**EXERCISE AIM**
Each line from the start of the listing below through the line containing "Naish Fly 2017 kite" should be reproduced exactly, with no others.

**INFORMATION PROVIDED**
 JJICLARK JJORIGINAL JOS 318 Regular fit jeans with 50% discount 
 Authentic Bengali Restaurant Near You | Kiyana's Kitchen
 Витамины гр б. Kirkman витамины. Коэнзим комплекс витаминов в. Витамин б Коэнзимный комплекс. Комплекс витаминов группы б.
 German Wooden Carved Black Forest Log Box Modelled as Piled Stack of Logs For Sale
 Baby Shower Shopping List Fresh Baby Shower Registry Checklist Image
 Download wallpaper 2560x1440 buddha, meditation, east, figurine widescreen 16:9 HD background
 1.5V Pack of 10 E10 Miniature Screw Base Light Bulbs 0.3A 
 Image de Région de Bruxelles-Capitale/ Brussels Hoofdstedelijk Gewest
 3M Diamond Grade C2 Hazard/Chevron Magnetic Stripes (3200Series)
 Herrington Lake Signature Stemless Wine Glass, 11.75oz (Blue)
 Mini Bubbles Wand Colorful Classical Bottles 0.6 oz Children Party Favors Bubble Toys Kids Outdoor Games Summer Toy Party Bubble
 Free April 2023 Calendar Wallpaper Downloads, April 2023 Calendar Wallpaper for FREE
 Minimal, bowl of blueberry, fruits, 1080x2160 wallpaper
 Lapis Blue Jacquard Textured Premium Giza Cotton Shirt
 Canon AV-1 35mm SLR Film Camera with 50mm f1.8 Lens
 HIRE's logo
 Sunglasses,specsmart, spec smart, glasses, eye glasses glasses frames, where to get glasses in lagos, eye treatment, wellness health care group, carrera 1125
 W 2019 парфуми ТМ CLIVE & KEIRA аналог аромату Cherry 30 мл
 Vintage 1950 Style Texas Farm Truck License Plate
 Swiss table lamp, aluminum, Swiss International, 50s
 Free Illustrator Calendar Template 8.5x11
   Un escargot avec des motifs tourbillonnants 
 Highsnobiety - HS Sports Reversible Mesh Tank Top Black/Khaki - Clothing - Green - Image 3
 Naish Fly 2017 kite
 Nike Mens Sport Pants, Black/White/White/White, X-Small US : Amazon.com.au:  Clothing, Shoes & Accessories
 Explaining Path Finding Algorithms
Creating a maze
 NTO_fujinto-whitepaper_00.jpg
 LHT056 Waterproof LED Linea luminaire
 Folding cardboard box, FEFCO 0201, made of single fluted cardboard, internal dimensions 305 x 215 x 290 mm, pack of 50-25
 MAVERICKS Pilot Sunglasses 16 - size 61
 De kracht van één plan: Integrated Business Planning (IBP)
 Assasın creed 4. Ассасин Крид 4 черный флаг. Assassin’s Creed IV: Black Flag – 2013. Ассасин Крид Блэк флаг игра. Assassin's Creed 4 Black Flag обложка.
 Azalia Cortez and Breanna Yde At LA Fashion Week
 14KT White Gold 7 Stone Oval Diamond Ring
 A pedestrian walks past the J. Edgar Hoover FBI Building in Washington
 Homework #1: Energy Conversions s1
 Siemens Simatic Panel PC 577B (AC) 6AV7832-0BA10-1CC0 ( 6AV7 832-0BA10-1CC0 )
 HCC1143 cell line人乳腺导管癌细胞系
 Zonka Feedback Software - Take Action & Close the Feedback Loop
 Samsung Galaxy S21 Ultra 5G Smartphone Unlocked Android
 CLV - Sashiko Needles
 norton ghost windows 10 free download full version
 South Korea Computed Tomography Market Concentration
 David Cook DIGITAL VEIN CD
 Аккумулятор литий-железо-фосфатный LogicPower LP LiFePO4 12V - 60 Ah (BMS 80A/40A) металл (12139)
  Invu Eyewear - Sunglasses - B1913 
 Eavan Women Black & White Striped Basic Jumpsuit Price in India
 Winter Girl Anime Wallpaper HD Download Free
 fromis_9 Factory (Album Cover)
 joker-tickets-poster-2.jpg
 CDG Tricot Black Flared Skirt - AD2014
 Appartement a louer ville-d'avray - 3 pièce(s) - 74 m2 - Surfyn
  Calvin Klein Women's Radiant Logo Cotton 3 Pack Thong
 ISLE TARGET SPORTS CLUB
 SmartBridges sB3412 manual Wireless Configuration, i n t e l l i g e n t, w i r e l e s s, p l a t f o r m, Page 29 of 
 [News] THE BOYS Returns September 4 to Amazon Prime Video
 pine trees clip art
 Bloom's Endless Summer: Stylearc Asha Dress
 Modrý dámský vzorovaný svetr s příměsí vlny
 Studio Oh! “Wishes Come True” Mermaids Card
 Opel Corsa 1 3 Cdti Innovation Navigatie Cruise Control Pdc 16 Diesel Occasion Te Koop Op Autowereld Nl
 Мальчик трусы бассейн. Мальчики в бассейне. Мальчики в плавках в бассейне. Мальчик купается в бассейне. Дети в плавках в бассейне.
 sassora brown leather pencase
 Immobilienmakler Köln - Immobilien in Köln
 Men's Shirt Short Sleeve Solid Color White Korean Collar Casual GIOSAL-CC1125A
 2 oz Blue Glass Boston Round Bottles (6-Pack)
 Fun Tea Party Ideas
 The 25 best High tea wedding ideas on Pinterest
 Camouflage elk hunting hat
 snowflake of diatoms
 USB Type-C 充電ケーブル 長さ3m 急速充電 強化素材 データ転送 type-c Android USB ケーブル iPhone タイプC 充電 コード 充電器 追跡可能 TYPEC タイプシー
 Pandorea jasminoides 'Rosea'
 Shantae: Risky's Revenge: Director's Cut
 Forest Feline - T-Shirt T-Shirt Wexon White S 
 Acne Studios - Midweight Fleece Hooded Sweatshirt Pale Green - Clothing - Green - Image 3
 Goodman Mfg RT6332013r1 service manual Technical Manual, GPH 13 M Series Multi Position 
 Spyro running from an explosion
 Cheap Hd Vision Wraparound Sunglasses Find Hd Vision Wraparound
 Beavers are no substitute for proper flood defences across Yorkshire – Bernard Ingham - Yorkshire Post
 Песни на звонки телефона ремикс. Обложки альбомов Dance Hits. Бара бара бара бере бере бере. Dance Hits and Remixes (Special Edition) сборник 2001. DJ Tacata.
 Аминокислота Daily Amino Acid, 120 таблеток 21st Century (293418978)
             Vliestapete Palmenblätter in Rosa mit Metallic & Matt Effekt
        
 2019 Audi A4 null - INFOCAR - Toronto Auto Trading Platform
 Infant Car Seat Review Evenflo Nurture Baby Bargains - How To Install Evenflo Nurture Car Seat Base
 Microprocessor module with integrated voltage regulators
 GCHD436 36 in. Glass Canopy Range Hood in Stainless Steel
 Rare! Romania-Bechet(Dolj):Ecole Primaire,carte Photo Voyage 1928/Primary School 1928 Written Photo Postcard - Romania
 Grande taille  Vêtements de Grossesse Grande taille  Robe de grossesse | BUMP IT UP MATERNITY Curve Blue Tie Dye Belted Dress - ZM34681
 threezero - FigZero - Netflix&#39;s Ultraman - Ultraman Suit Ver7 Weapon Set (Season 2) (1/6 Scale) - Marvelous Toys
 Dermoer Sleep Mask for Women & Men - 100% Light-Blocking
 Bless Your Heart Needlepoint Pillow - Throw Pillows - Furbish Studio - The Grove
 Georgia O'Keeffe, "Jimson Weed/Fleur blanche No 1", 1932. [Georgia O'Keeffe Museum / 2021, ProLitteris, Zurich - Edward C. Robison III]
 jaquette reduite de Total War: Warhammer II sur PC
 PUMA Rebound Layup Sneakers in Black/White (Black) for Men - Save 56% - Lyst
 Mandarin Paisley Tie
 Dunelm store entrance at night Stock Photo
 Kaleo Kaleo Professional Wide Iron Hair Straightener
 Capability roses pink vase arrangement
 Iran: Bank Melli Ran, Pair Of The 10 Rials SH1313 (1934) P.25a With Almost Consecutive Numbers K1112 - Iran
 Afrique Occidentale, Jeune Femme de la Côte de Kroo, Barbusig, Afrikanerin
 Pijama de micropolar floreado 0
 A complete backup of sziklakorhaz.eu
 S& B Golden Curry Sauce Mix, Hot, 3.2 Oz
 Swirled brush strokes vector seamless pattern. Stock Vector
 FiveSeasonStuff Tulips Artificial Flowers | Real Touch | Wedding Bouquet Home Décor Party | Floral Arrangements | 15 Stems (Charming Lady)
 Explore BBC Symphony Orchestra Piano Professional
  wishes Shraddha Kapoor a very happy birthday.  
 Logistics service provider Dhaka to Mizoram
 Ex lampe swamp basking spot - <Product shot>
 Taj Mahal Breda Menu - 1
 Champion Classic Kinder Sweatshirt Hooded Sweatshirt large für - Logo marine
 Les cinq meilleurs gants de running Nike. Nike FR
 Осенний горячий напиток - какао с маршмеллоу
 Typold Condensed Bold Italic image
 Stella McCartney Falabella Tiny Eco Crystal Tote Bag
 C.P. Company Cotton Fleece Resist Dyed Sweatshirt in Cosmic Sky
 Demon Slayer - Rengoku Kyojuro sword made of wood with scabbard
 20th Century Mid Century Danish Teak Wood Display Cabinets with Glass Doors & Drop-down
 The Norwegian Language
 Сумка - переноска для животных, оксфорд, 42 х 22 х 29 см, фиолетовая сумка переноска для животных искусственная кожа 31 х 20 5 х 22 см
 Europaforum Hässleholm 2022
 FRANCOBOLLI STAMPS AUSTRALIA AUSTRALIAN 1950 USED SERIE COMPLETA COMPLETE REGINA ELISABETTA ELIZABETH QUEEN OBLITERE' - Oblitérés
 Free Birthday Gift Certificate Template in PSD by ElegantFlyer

**FINISHED TASK**
 JJICLARK JJORIGINAL JOS 318 Regular fit jeans with 50% discount 
 Authentic Bengali Restaurant Near You | Kiyana's Kitchen
 Витамины гр б. Kirkman витамины. Коэнзим комплекс витаминов в. Витамин б Коэнзимный комплекс. Комплекс витаминов группы б.
 German Wooden Carved Black Forest Log Box Modelled as Piled Stack of Logs For Sale
 Baby Shower Shopping List Fresh Baby Shower Registry Checklist Image
 Download wallpaper 2560x1440 buddha, meditation, east, figurine widescreen 16:9 HD background
 1.5V Pack of 10 E10 Miniature Screw Base Light Bulbs 0.3A 
 Image de Région de Bruxelles-Capitale/ Brussels Hoofdstedelijk Gewest
 3M Diamond Grade C2 Hazard/Chevron Magnetic Stripes (3200Series)
 Herrington Lake Signature Stemless Wine Glass, 11.75oz (Blue)
 Mini Bubbles Wand Colorful Classical Bottles 0.6 oz Children Party Favors Bubble Toys Kids Outdoor Games Summer Toy Party Bubble
 Free April 2023 Calendar Wallpaper Downloads, April 2023 Calendar Wallpaper for FREE
 Minimal, bowl of blueberry, fruits, 1080x2160 wallpaper
 Lapis Blue Jacquard Textured Premium Giza Cotton Shirt
 Canon AV-1 35mm SLR Film Camera with 50mm f1.8 Lens
 HIRE's logo
 Sunglasses,specsmart, spec smart, glasses, eye glasses glasses frames, where to get glasses in lagos, eye treatment, wellness health care group, carrera 1125
 W 2019 парфуми ТМ CLIVE & KEIRA аналог аромату Cherry 30 мл
 Vintage 1950 Style Texas Farm Truck License Plate
 Swiss table lamp, aluminum, Swiss International, 50s
 Free Illustrator Calendar Template 8.5x11
   Un escargot avec des motifs tourbillonnants 
 Highsnobiety - HS Sports Reversible Mesh Tank Top Black/Khaki - Clothing - Green - Image 3
 Naish Fly 2017 kite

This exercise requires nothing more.